Clinical experience in the treatment of HHV-7 CNS disease is limited. Improvement without specific antiviral treatment has been reported in cases of meningitis, meningoradiculopathy, myelitis, encephalitis, and Guillaín-Barré syndrome (Pohl-Koppe et al. 2001; Schwartz et al. 2014; Fay et al. 2015; Rangel et al. 2017). This was also the case with our patients with aseptic meningitis and HHV-7 amplification. An 11-year-old patient with brainstem encephalitis improved with high-dose corticosteroids, intravenous immunoglobulins, and plasma exchange (Fay et al. 2015). Acyclovir has no in vitro activity against HHV-7 (Zhang et al. 1999), but has been used in cases of encephalitis (Ward et al. 2002; Ward et al. 2002b), with apparent success. Foscarnet possesses potent in vitro activity against HHV-7, higher than ganciclovir (Zhang et al. 1999). In renal transplant recipients, ganciclovir prophylaxis did not influence the prevalence of HHV-7 viremia (Galarraga et al. 2005). In our experience, treatment with ganciclovir did not result in clinical improvement in the patient with encephalitis, nor did it control HHV-7 replication in CSF. Instead, foscarnet treatment was associated with neurological improvement and successful control of CSF viral replication in both patients with encephalitis and myelitis. These results support that foscarnet is probably the first therapeutic option for the treatment of severe HHV-7 infections.
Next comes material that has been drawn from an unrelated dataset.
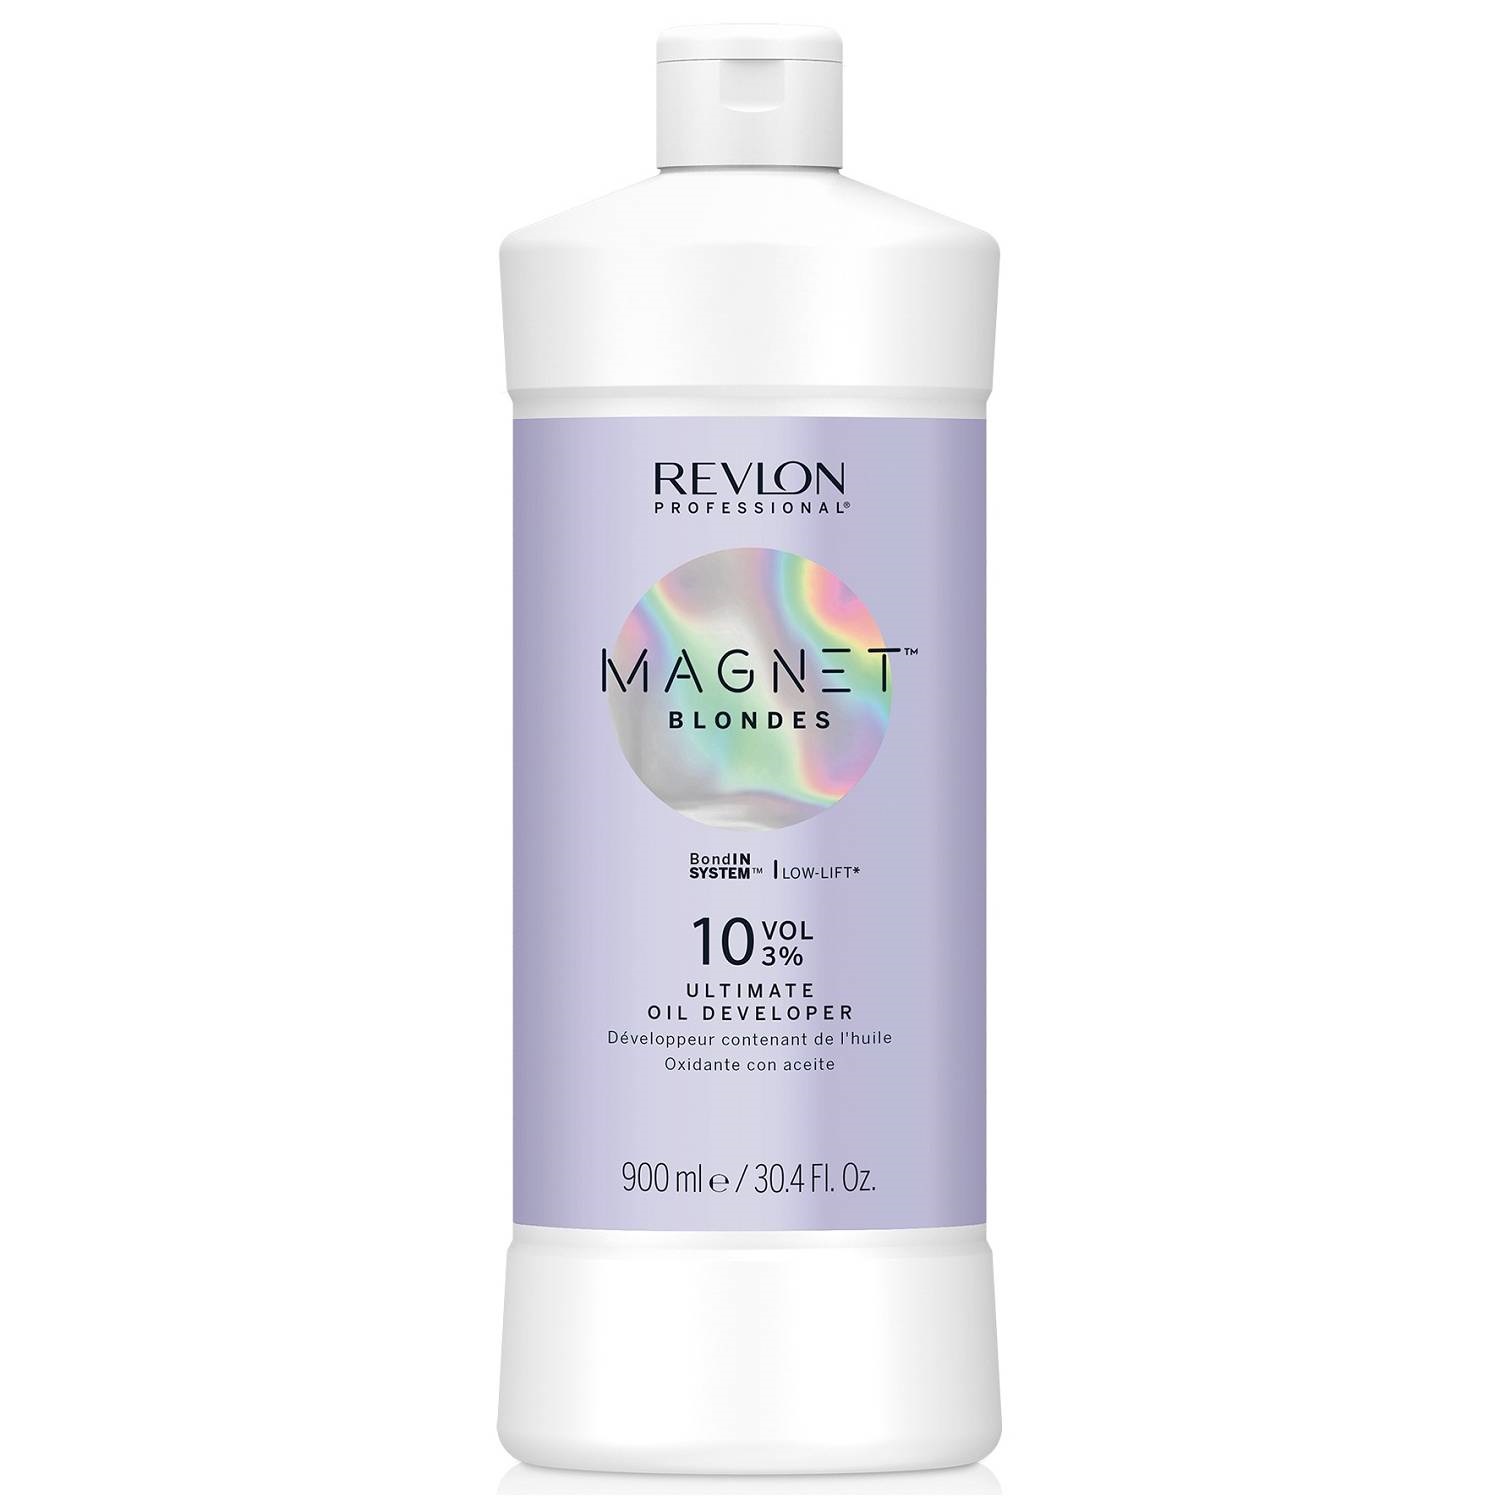 Revlon Professional Крем-пероксид с добавлением масла 3% Ultimate Oil Developer 10 vol, 900 мл (Revlon Professional, Magnet Blondes)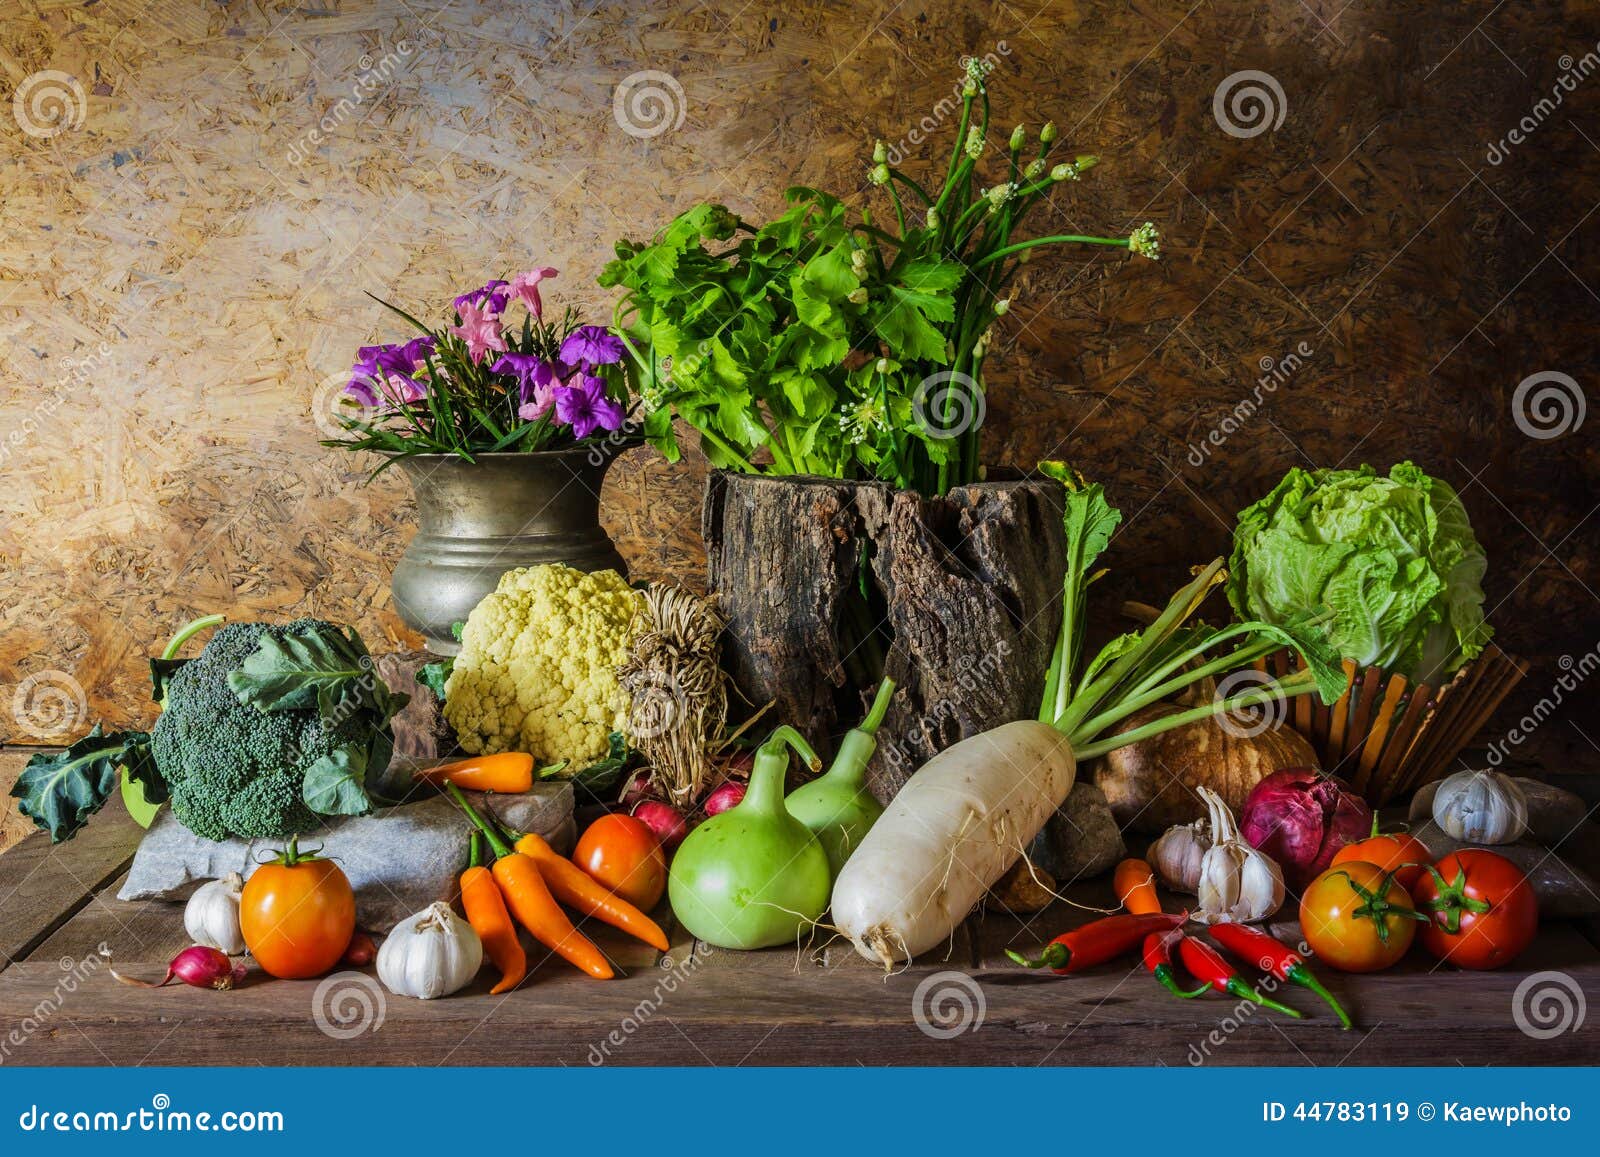 12 овощей и трав. Летние овощи. Натюрморт с овощами. Овощи и травы. Овощи летом.

The main limitation of the present study is its retrospective nature. However, it analyzes a representative large series of neurological patients studied in daily clinical practice without any selection bias.

In summary, HHV-7 reactivation may cause neurological disease in immunocompetent adult patients. Detection of HHV-7 DNA in CSF in adults has high specificity and, therefore, a pathogenic role of a positive result should be considered in patients with suspected CNS infections of unknown etiology, particularly if sustained amplification is demonstrated and blood contamination of CSF excluded. Cases of lymphocytic meningitis may resolve without treatment, but specific antiviral therapy is indicated in more severe CNS infections. In our experience, foscarnet is the drug of choice in severe CNS infections associated with HHV-7.